[Collected data entries]
*** Block opens ***
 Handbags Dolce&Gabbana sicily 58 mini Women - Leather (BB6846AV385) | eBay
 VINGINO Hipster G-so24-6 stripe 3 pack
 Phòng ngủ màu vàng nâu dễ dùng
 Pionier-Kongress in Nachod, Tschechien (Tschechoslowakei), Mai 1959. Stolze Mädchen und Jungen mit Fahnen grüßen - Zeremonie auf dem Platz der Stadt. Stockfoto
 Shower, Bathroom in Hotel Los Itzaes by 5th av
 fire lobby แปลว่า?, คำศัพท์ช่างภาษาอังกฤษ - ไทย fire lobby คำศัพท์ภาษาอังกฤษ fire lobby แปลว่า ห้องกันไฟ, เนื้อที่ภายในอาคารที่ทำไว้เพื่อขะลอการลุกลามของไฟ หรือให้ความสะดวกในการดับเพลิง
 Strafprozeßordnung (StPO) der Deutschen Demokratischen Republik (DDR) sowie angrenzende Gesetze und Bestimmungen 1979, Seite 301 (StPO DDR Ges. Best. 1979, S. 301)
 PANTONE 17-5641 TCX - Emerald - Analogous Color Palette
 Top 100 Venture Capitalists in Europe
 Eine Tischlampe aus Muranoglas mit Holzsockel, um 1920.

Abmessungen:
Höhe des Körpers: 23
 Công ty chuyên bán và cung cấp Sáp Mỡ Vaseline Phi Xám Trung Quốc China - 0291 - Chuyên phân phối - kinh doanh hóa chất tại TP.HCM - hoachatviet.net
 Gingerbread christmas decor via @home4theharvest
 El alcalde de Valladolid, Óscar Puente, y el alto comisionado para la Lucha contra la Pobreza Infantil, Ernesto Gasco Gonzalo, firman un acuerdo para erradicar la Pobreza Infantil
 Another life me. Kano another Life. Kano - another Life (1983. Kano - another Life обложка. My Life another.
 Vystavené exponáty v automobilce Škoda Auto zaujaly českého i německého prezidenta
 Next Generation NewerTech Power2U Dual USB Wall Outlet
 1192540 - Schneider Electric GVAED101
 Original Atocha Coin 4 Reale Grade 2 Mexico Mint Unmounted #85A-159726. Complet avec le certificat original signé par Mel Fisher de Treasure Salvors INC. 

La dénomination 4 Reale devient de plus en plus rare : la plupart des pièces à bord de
*** Block closes ***
## Action item:
Your answer should consist only of the lines above between the line holding "Phòng ngủ màu vàng nâu dễ dùng" and the line holding "fire lobby แปลว่า?, คำศัพท์ช่างภาษาอังกฤษ", inclusive, each transcribed exactly.

## Response area:
 Phòng ngủ màu vàng nâu dễ dùng
 Pionier-Kongress in Nachod, Tschechien (Tschechoslowakei), Mai 1959. Stolze Mädchen und Jungen mit Fahnen grüßen - Zeremonie auf dem Platz der Stadt. Stockfoto
 Shower, Bathroom in Hotel Los Itzaes by 5th av
 fire lobby แปลว่า?, คำศัพท์ช่างภาษาอังกฤษ - ไทย fire lobby คำศัพท์ภาษาอังกฤษ fire lobby แปลว่า ห้องกันไฟ, เนื้อที่ภายในอาคารที่ทำไว้เพื่อขะลอการลุกลามของไฟ หรือให้ความสะดวกในการดับเพลิง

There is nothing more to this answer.